Democracy... On the March
Check out the pictures from Lebanon, where the Syrian-backed puppet government has fallen. Or this protest against terrorism in Iraq. people are beginning to speculate about Syria's goovernment facing some problems.
The Iraqis have conducted a successful election, as has Afghanistan. The Saudis recently held elections, for crying out loud (okay, it was for municipal councils, but it's a start). Even Egypt will be holding an open, multi-party election for the first time in its modern history. Even better, they don't want it to be the result of U.S. pressure...

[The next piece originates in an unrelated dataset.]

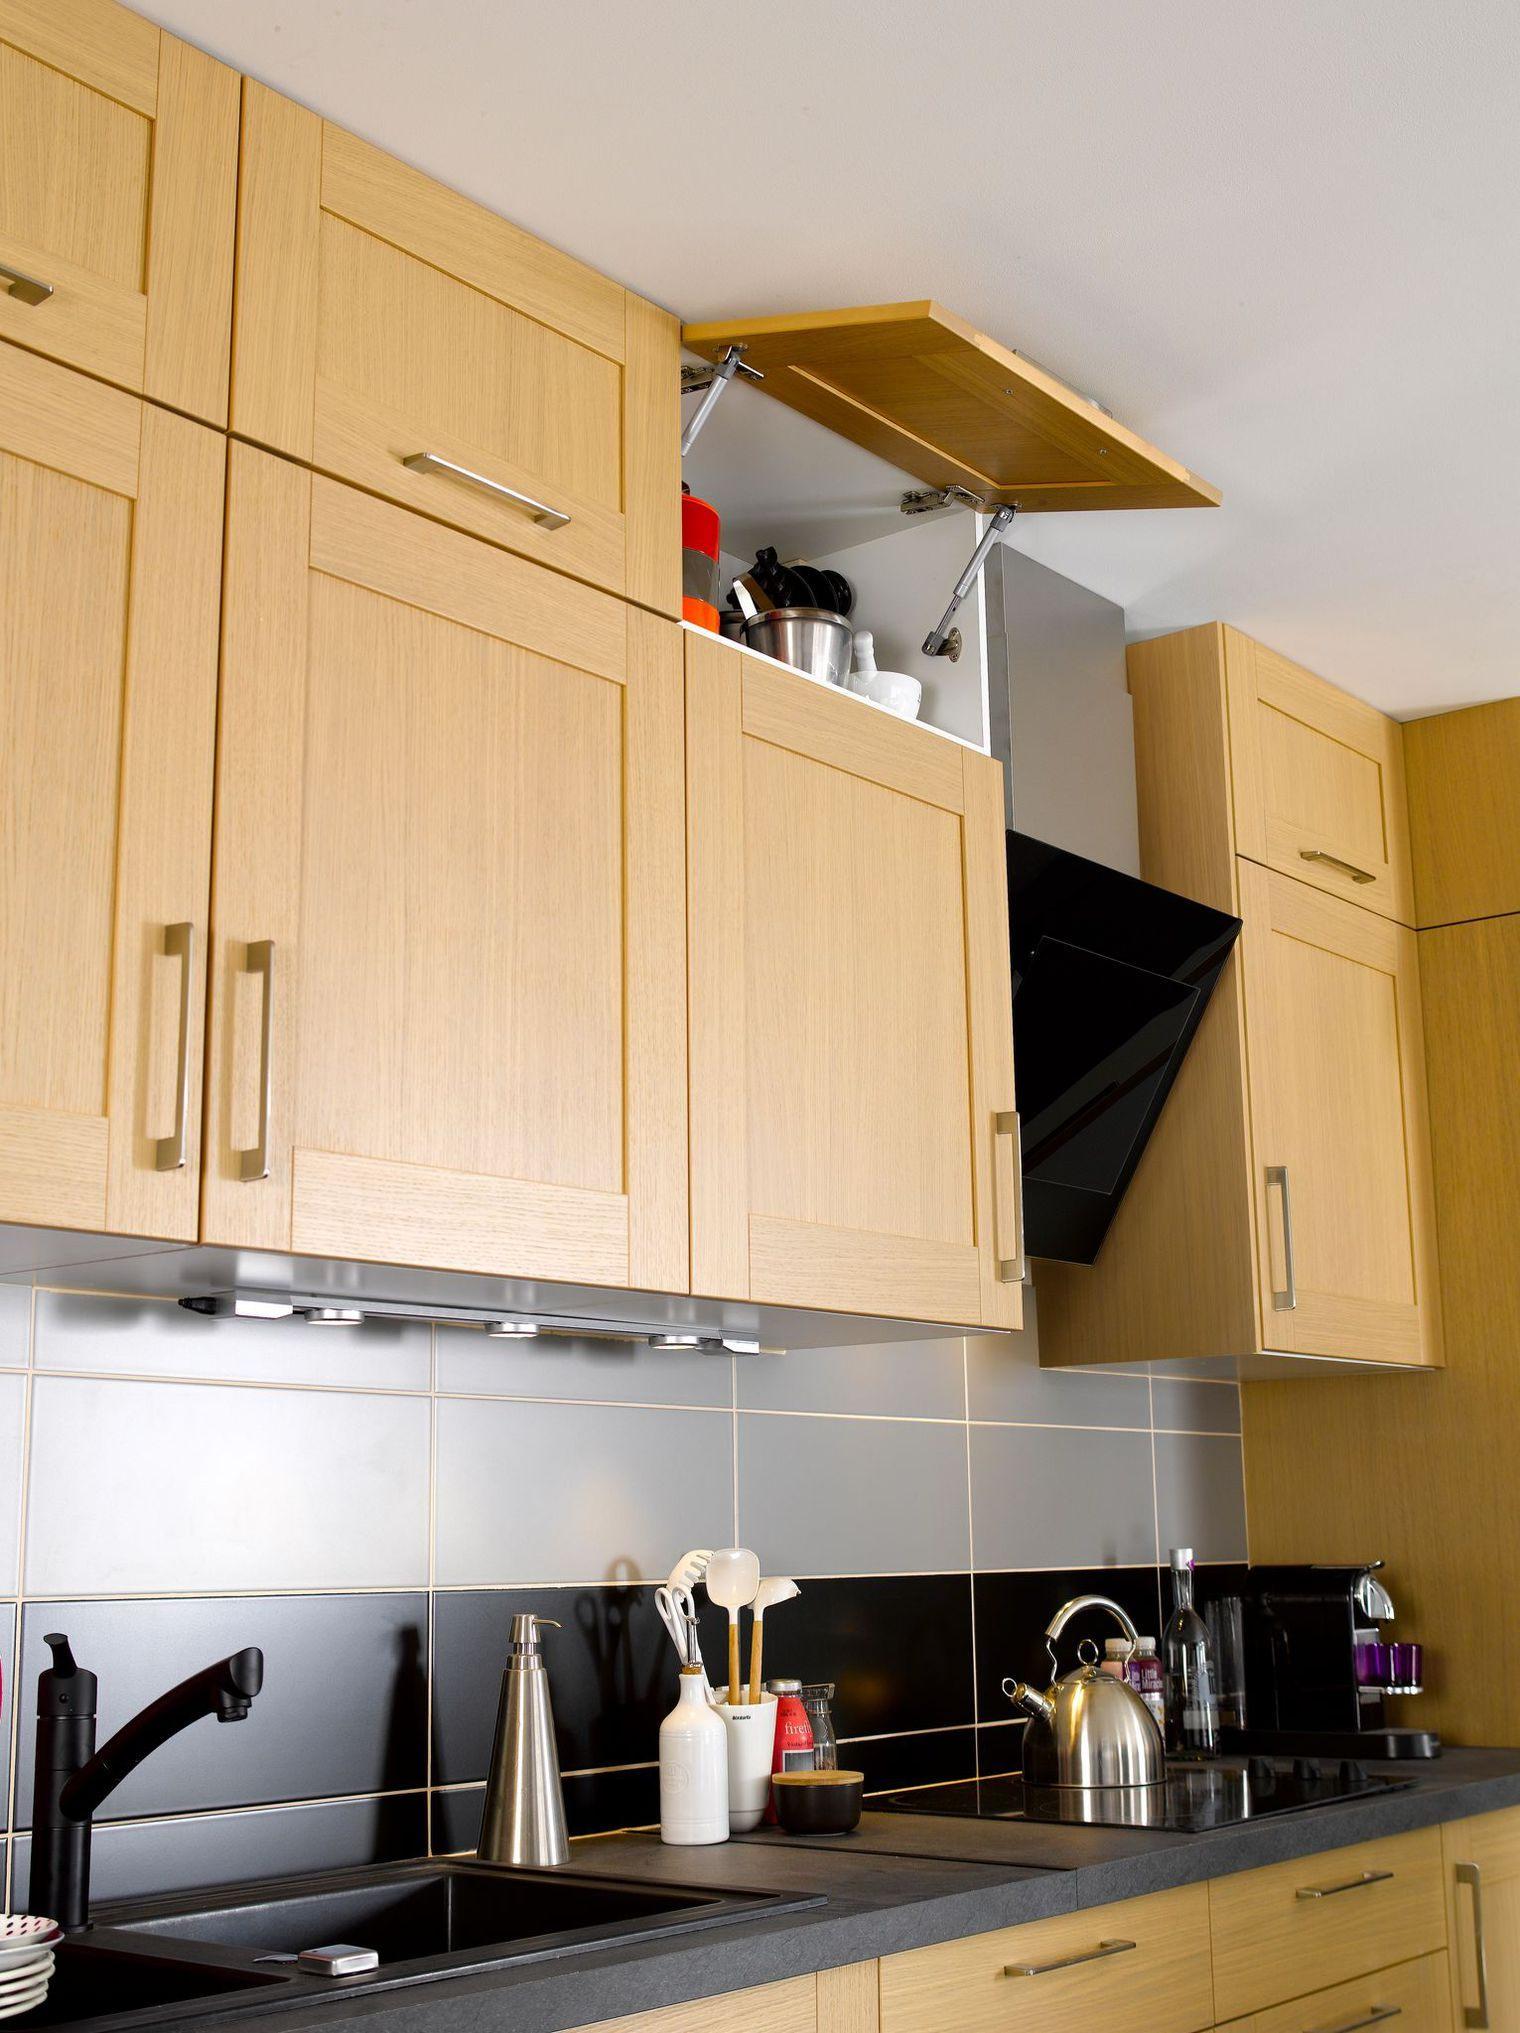 verin porte cuisine leroy merlin l gant photos porte. Black Bedroom Furniture Sets. Home Design Ideas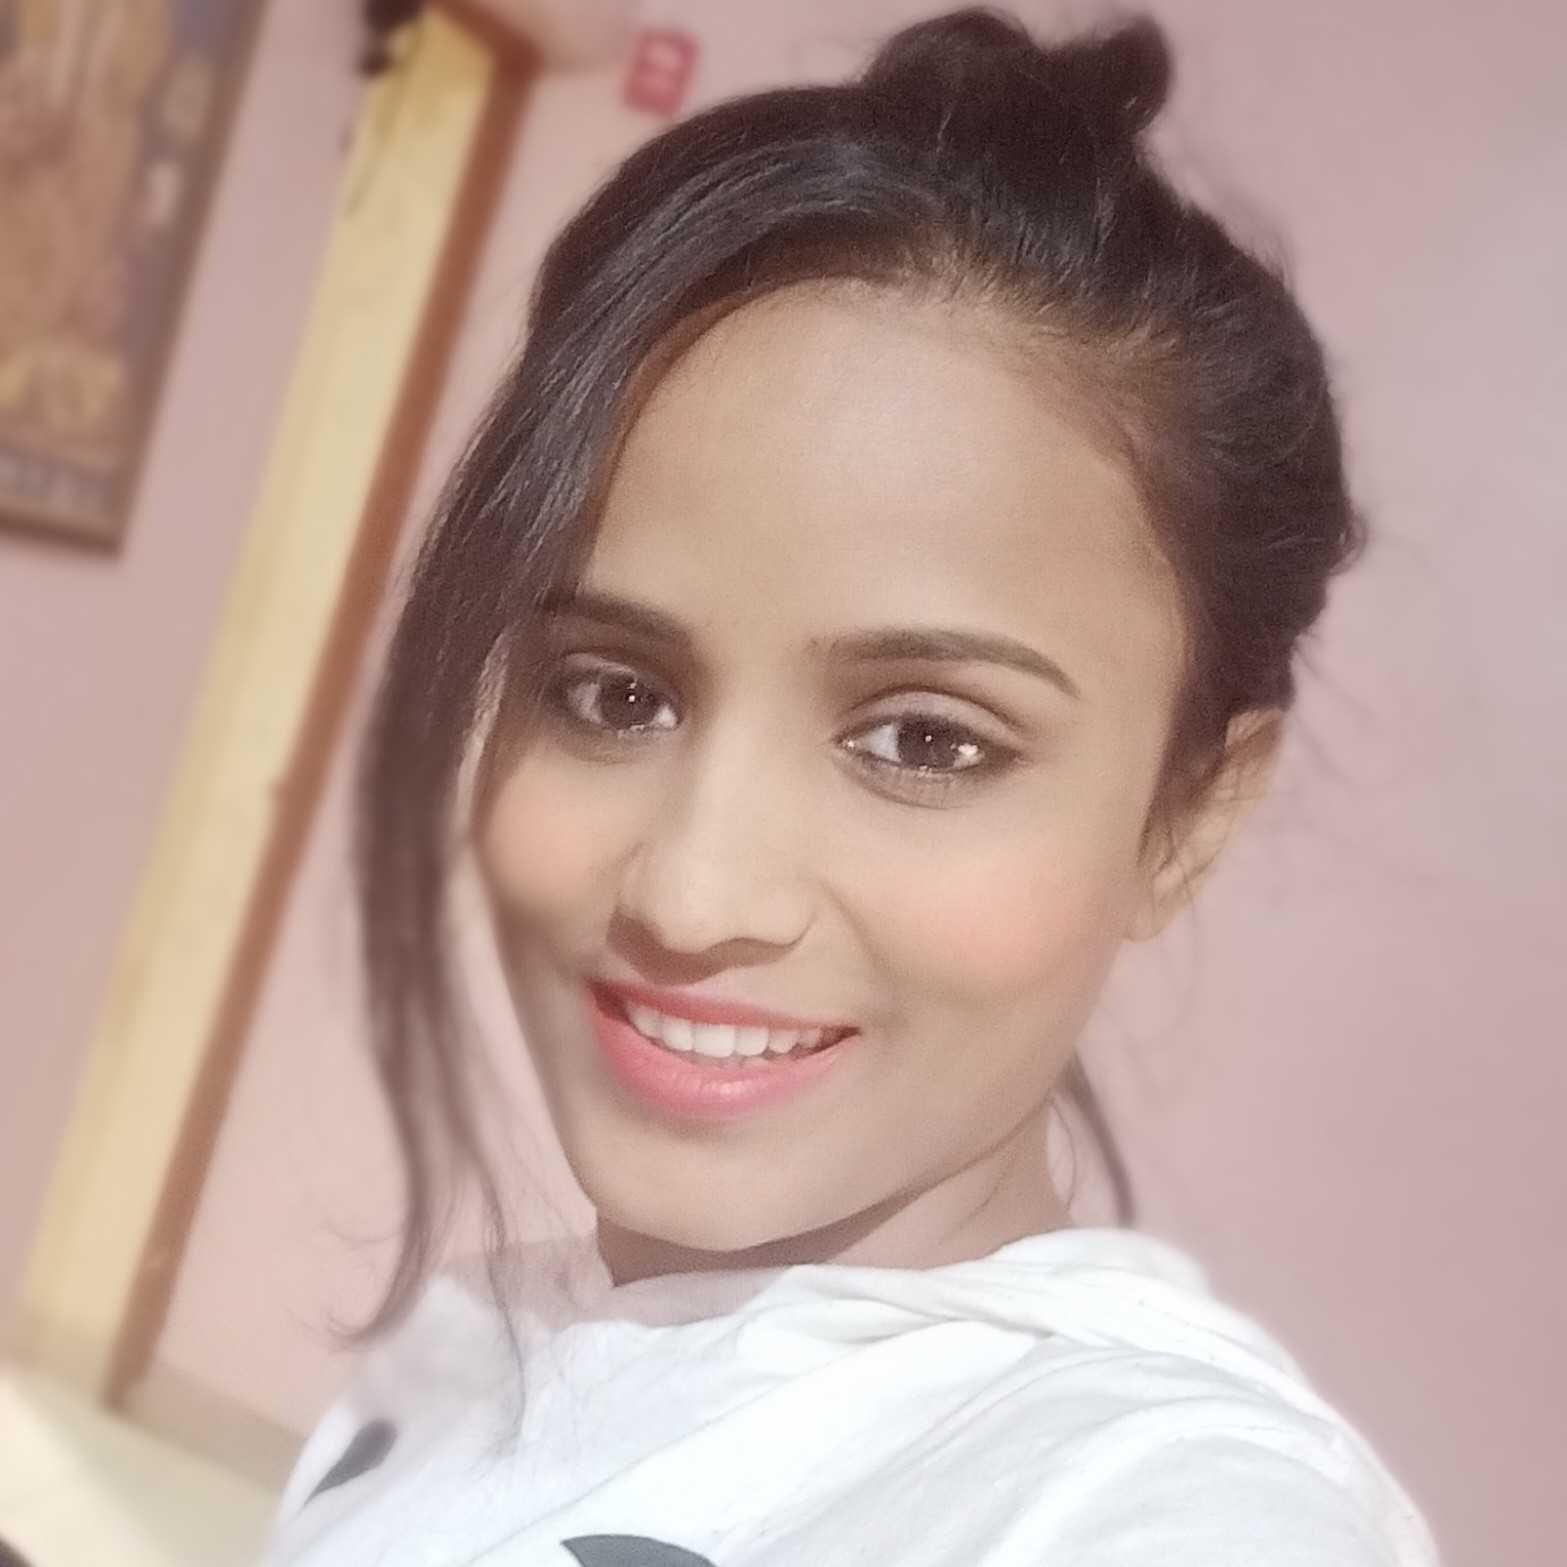 NR production (Nisha Ritesh)

Political analyst Mohamed el-Sayed Said criticized Egypt's constitution as "obsolete, replete with gaps and contradictions" and said other articles in the document should also be changed.Is the so-called Bush Doctrine a success? Look, it's far too soon to start congratulating the President, and it's a discredit to the people in those nations not to give them credit for the amazing things that are happening there. And democracy is hard, damn hard, and there are sure to be serious stumbling blocks, even for the countries with a jump-start like Iraq. But the President and others deserve credit for believing, in the end, that the people in the Middle East yearn for freedom in the same way people in other nations do. John Kennedy once said "[O]ur most basic common link is that we all inhabit this small planet. We all breathe the same air. We all cherish our children's future. And we are all mortal." Maybe we need to add the idea that we all crave the right of self-determination as well. It's a point Christopher Hitchens touched upon nicely in his piece hammering the outdated idea of a violent "Arab street" that would rise up against us. Mark Steyn makes many of the same points.
...Egypt, the second-largest recipient of U.S. aid, was the first Arab nation to sign a peace treaty with Israel, in 1979, and often mediates in the Israeli-Palestinian peace process.
As the Bush administration presses allies for political change, even reformers in the region are touchy about U.S. interference.
"If this happened by the pressure from the United States, we don't want it," el-Said, the Tagammu leader, said. "In my view, it came from the mobilization of public opinion."
In the end, we're looking at the possible re-alignment of the Arab world into a free part of the world. We may not like the electoral results in the future, but we already have that in Europe anyway. However, it will be far better for our nation if these nations become legitimate democracies. The fact of the matter is, terrorists are far less common -- and far less successful -- within democratic societies. And in this way, the liberation of Iraq is part and parcel a piece of preventing another 9/11. Andrew Sullivan, who's very critical of our President for many things, hammers this point home...
I think even the fiercest critics of president Bush's handling of the post-liberation phase in Iraq will still be thrilled at what appears to me to be glacial but important shifts in the right direction in the region. The Iraq elections may not be the end of the Middle East Berlin Wall, but they certainly demonstrate its crumbling. The uprising against Syria's occupation of Lebanon is extremely encouraging; Syria's attempt to buy off some good will by coughing up Saddam's half-brother is also a good sign; ditto Mubarak's attempt to make his own dictatorship look more democratic. Add all of that to the emergence of Abbas and a subtle shift in the Arab media and you are beginning to see the start of a real and fundamental change. Almost all of this was accomplished by the liberation of Iraq. Nothing else would have persuaded the thugs and mafia bosses who run so many Arab nations that the West is serious about democracy. The hard thing for liberals - and I don't mean that term in a pejorative sense - will be to acknowledge this president's critical role in moving this region toward democracy. In my view, 9/11 demanded nothing less. We are tackling the problem at the surface - by wiping out the institutional core of al Qaeda - and in the depths - by tackling the autocracy that makes Islamo-fascism more attractive to the younger generation. This is what we owed to the victims of 9/11. And we are keeping that trust.Our friends on the left are another matter for another day. For now, let's hope freedom continues to spread in the lands of oppression.